## Exercise brief:
For the records below, copy exactly the span that begins at the line containing "Combien de Coussin sur un Canapé ?" and stops after the line containing "HARRISON BROWN September", minus any pictures.

## Provided data:
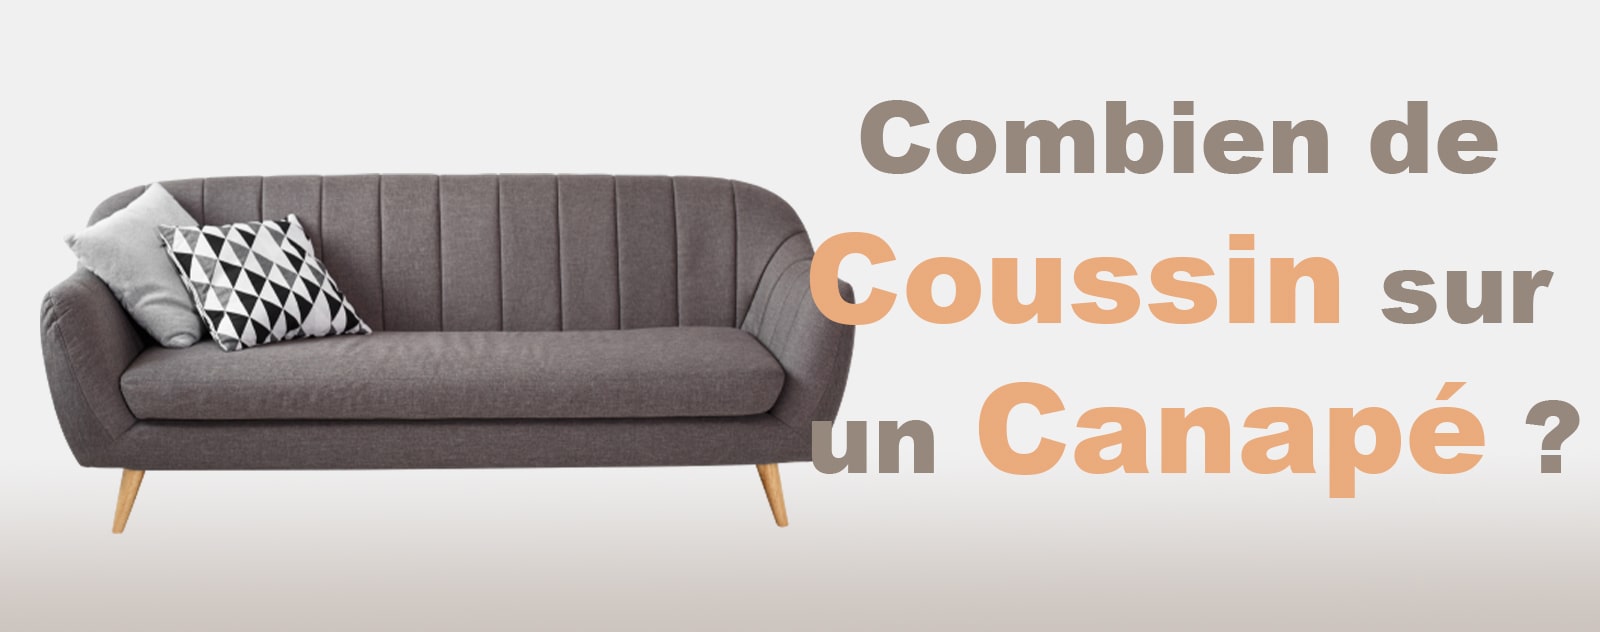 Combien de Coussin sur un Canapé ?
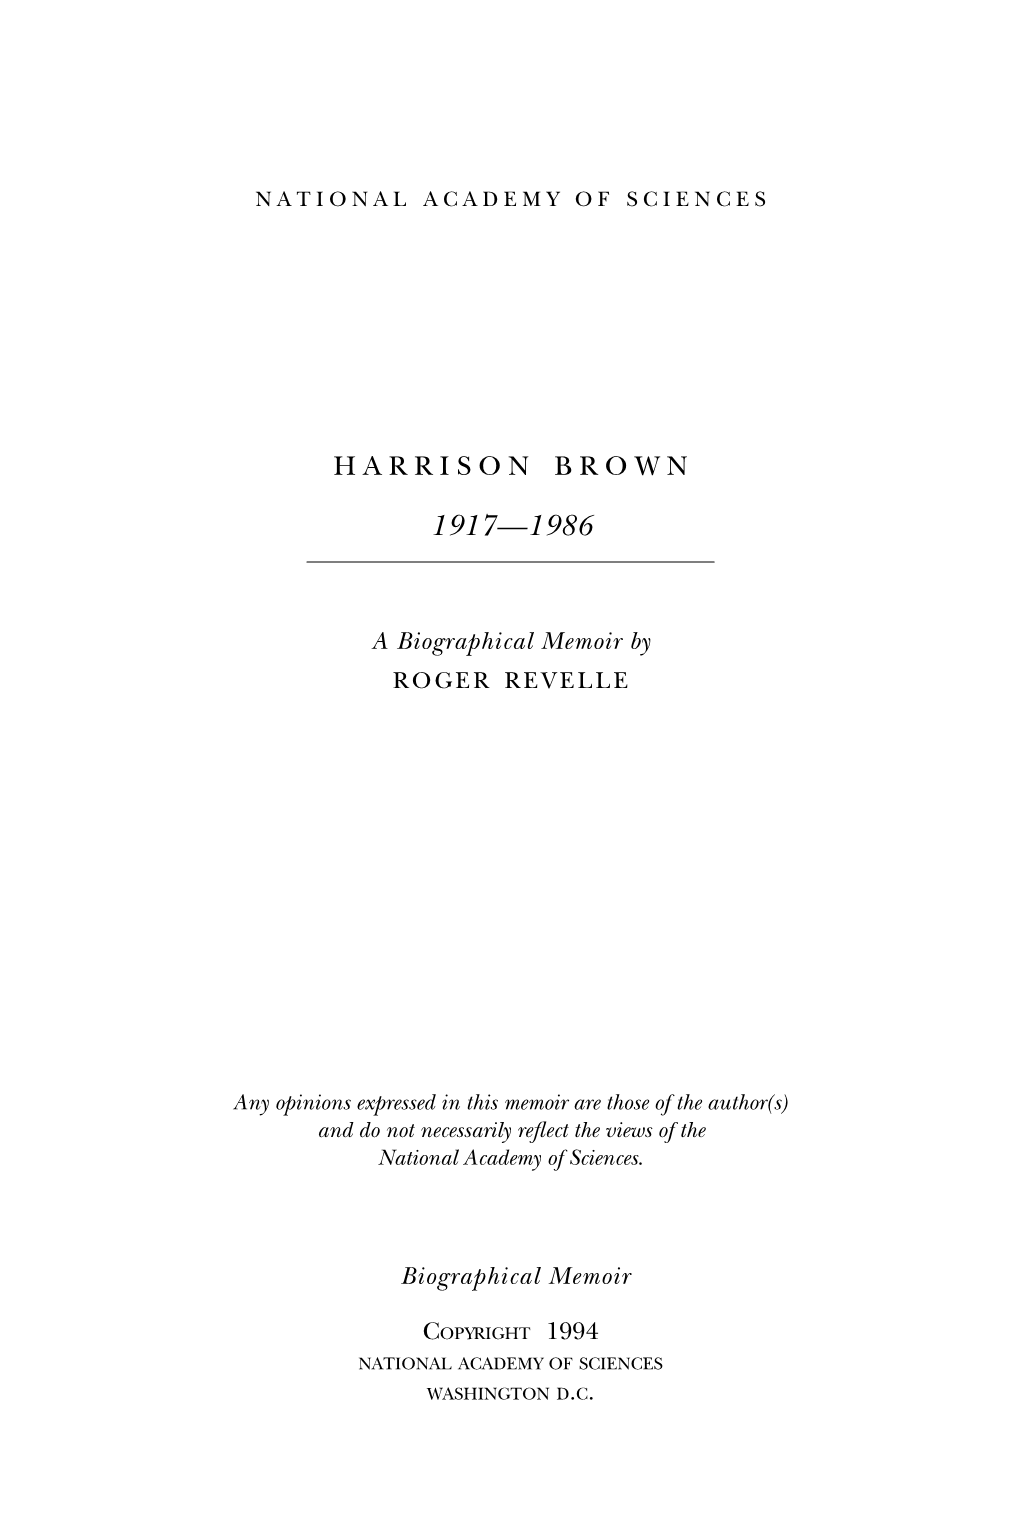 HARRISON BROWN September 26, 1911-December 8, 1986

--

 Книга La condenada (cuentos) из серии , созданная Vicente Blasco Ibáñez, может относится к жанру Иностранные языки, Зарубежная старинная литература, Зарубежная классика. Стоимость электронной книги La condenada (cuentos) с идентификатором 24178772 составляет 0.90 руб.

## Completed exercise:
 Combien de Coussin sur un Canapé ?
 HARRISON BROWN September 26, 1911-December 8, 1986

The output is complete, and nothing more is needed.